[Start of Attachment]
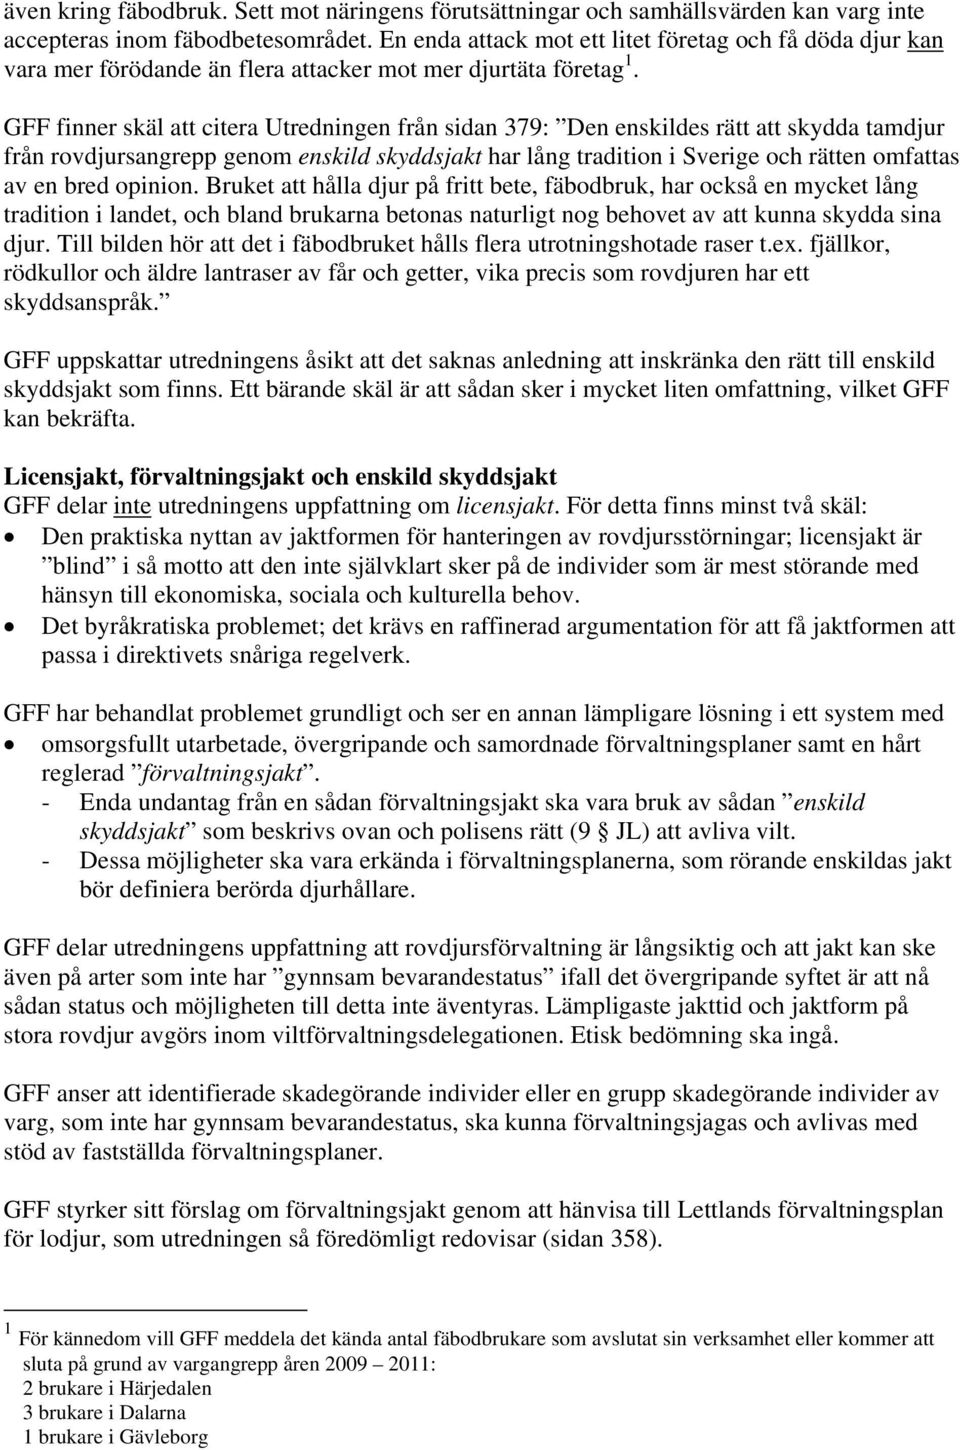 GFF finner skäl att citera Utredningen från sidan 379: Den enskildes rätt att skydda tamdjur från rovdjursangrepp genom enskild skyddsjakt har lång tradition i Sverige och rätten omfattas av en bred
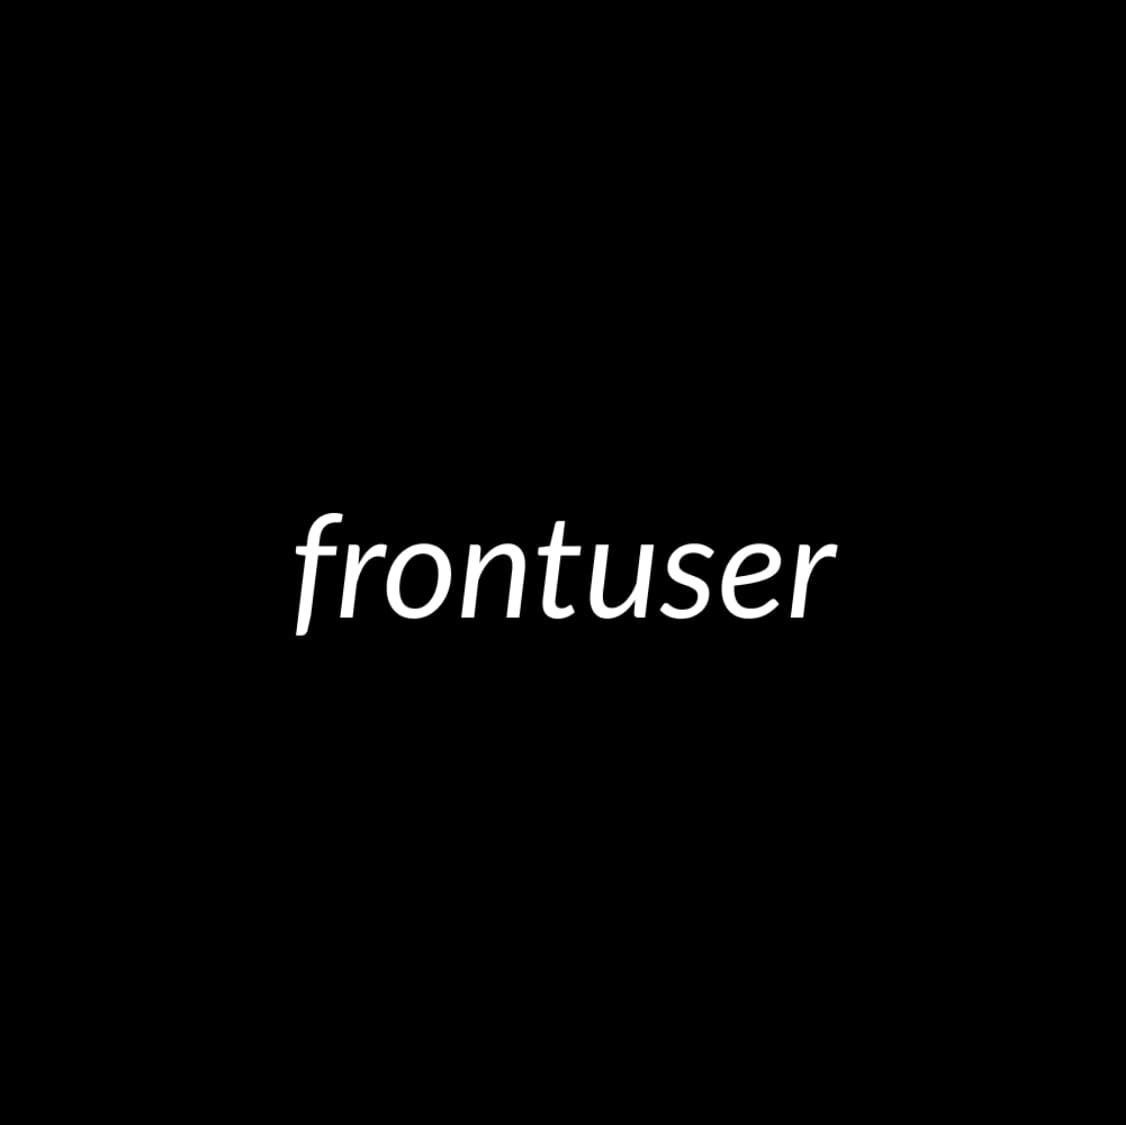 Frontuser's logo
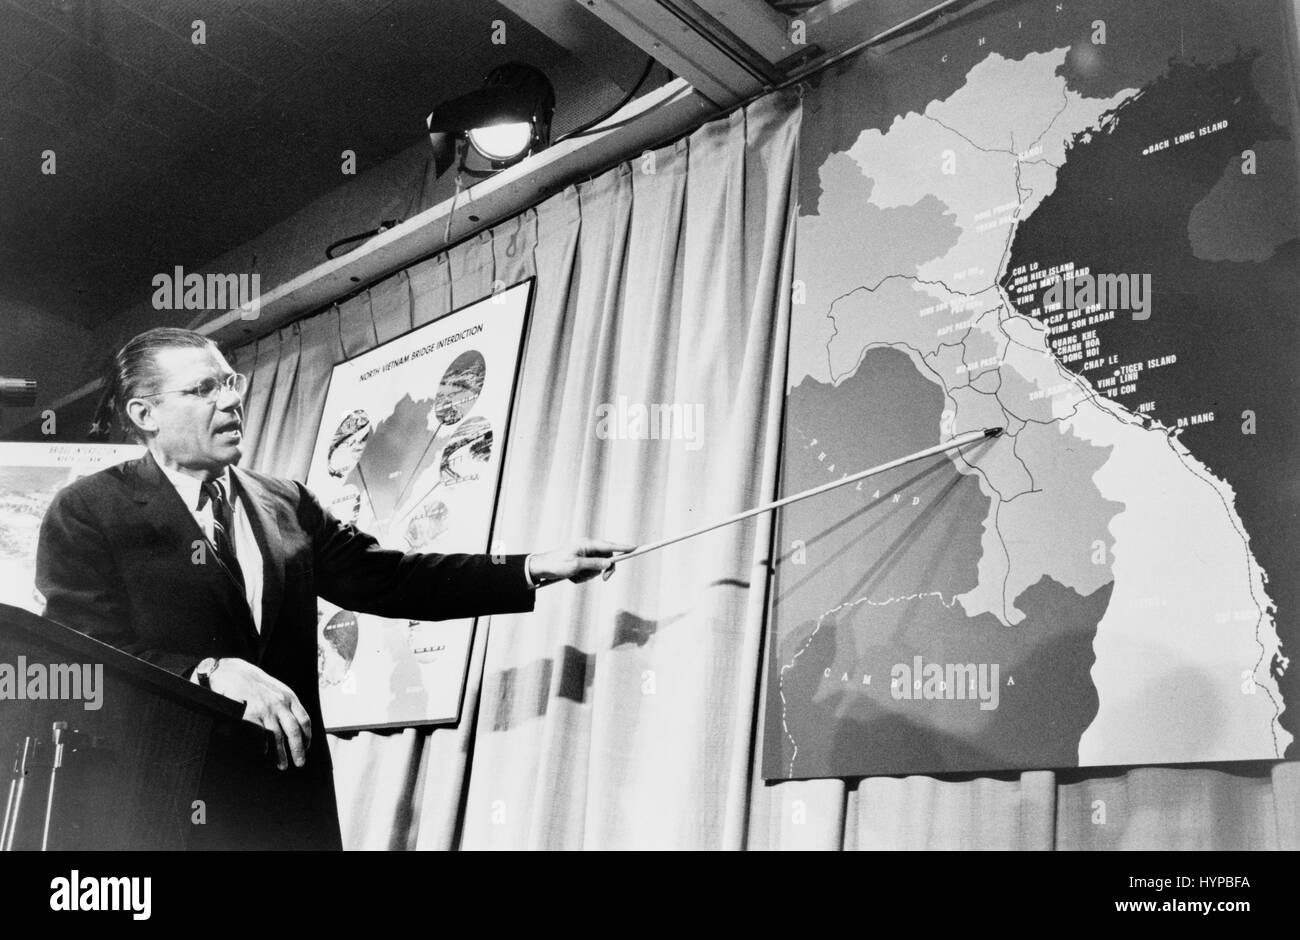 US-Verteidigungsminister Robert McNamara zeigt auf einer Karte von Vietnam auf einer Pressekonferenz. Washington, DC. 26. April 1965. Foto von Marion S. Trikosko. Stockfoto
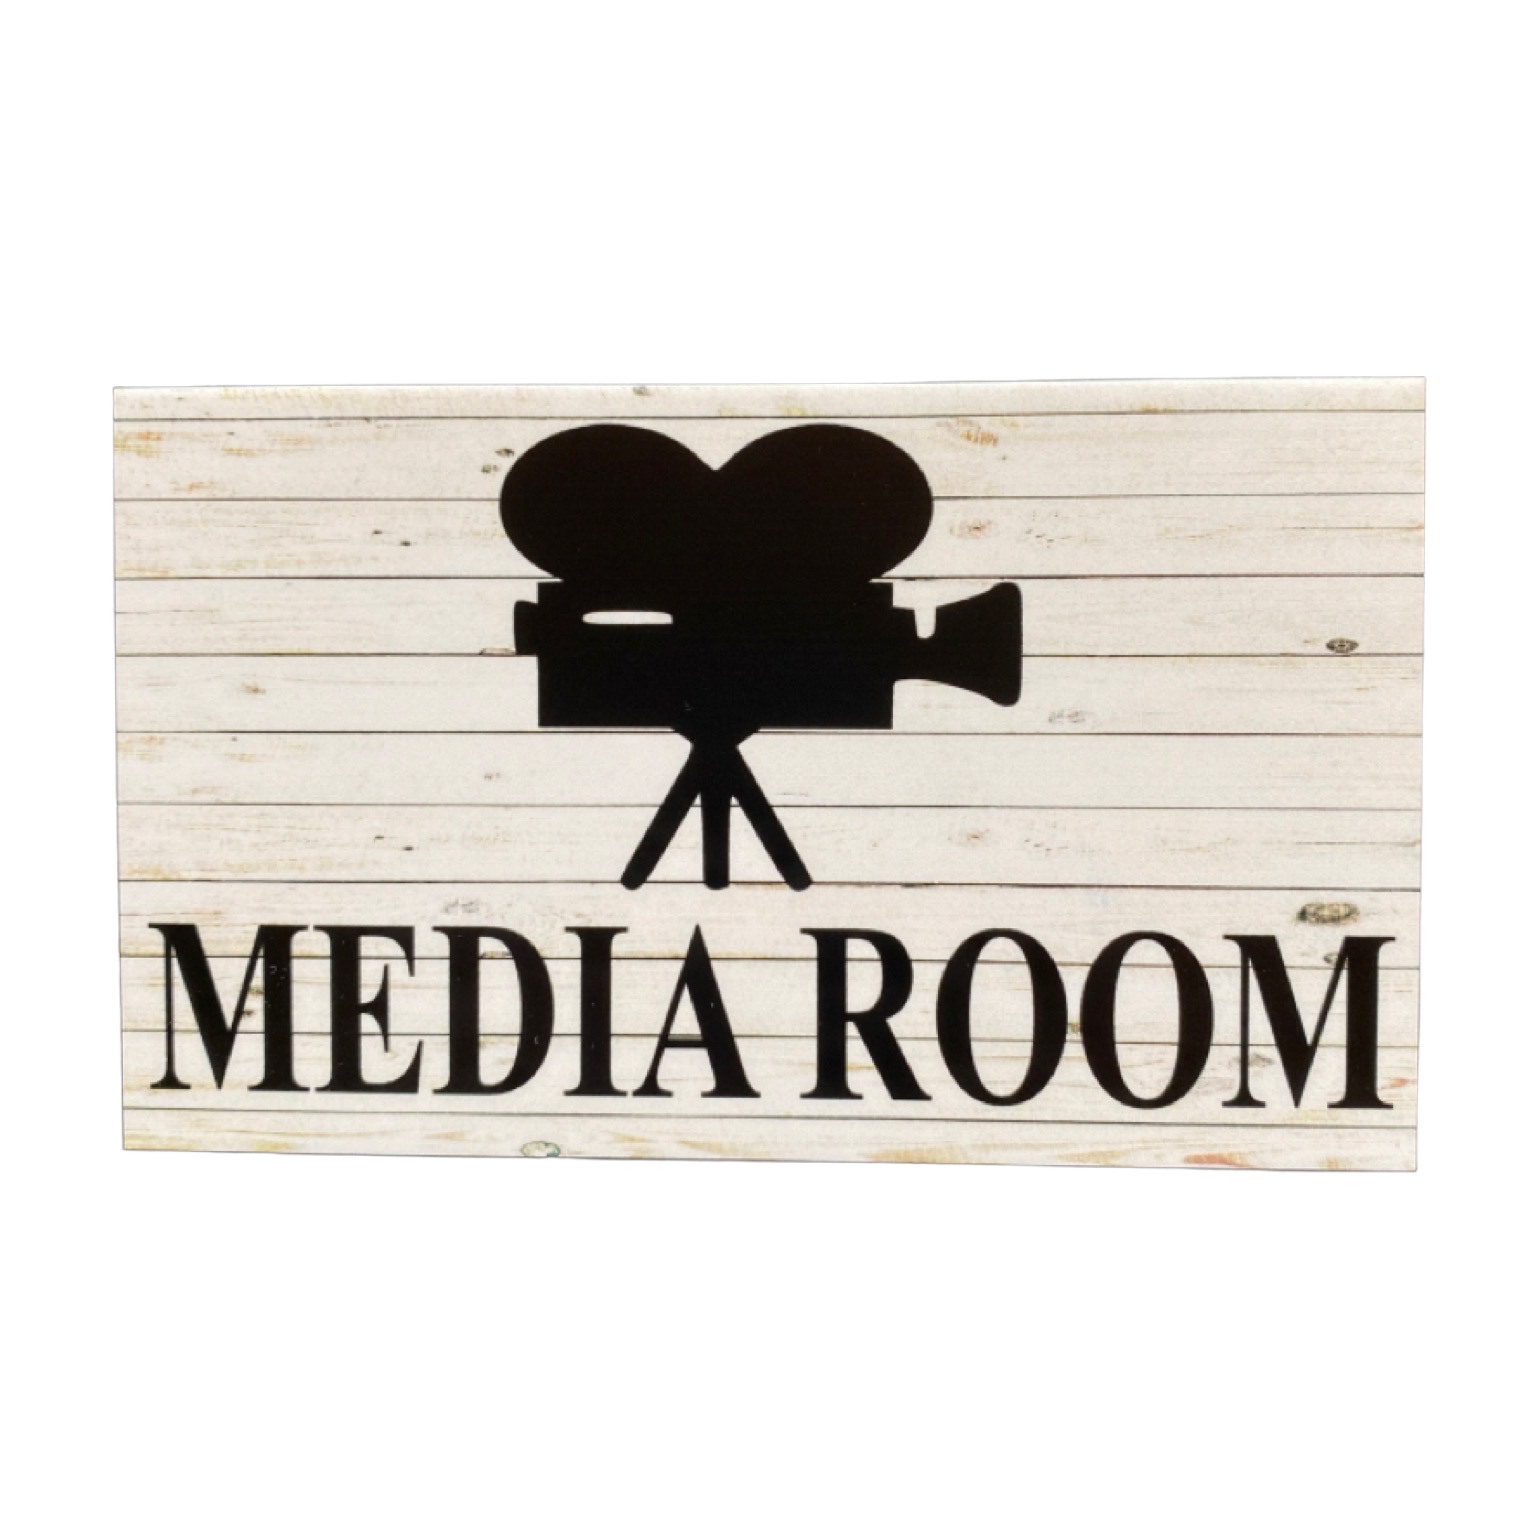 Media Room Rustic Door Sign - The Renmy Store Homewares & Gifts 
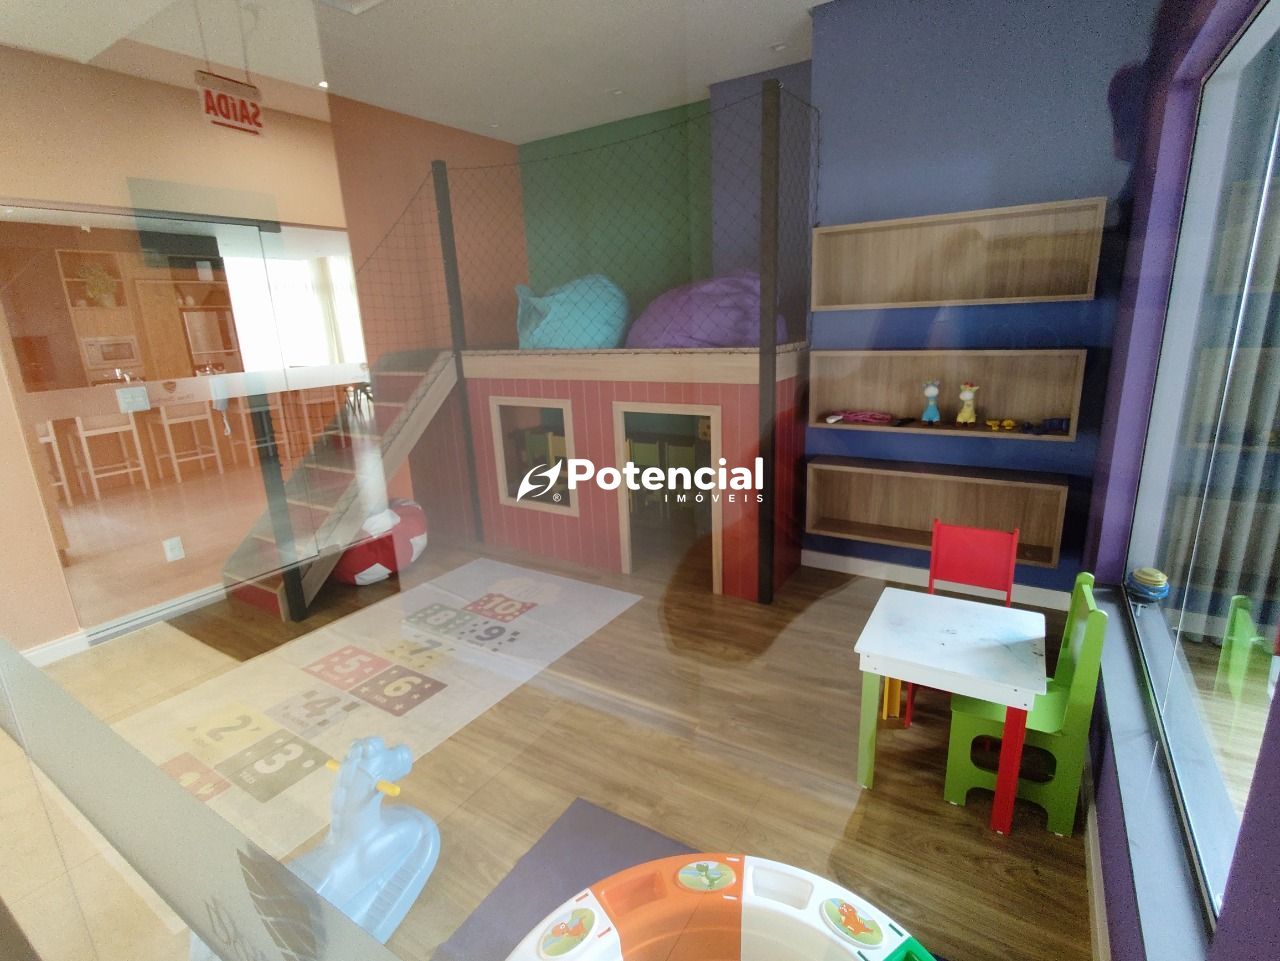 Imagem de Apartamento 2 Dormitórios sendo 1 Suíte | Morretes - Itapema/SC | Potencial Imóveis
[End of Attachment]
**What needs to be done**
Each line from the one with "Media Room Rustic" to the final line of the data above is to be printed exactly; no picture should appear in the copy.

**Task response**
 Media Room Rustic Door Sign - The Renmy Store Homewares & Gifts 
 Imagem de Apartamento 2 Dormitórios sendo 1 Suíte | Morretes - Itapema/SC | Potencial Imóveis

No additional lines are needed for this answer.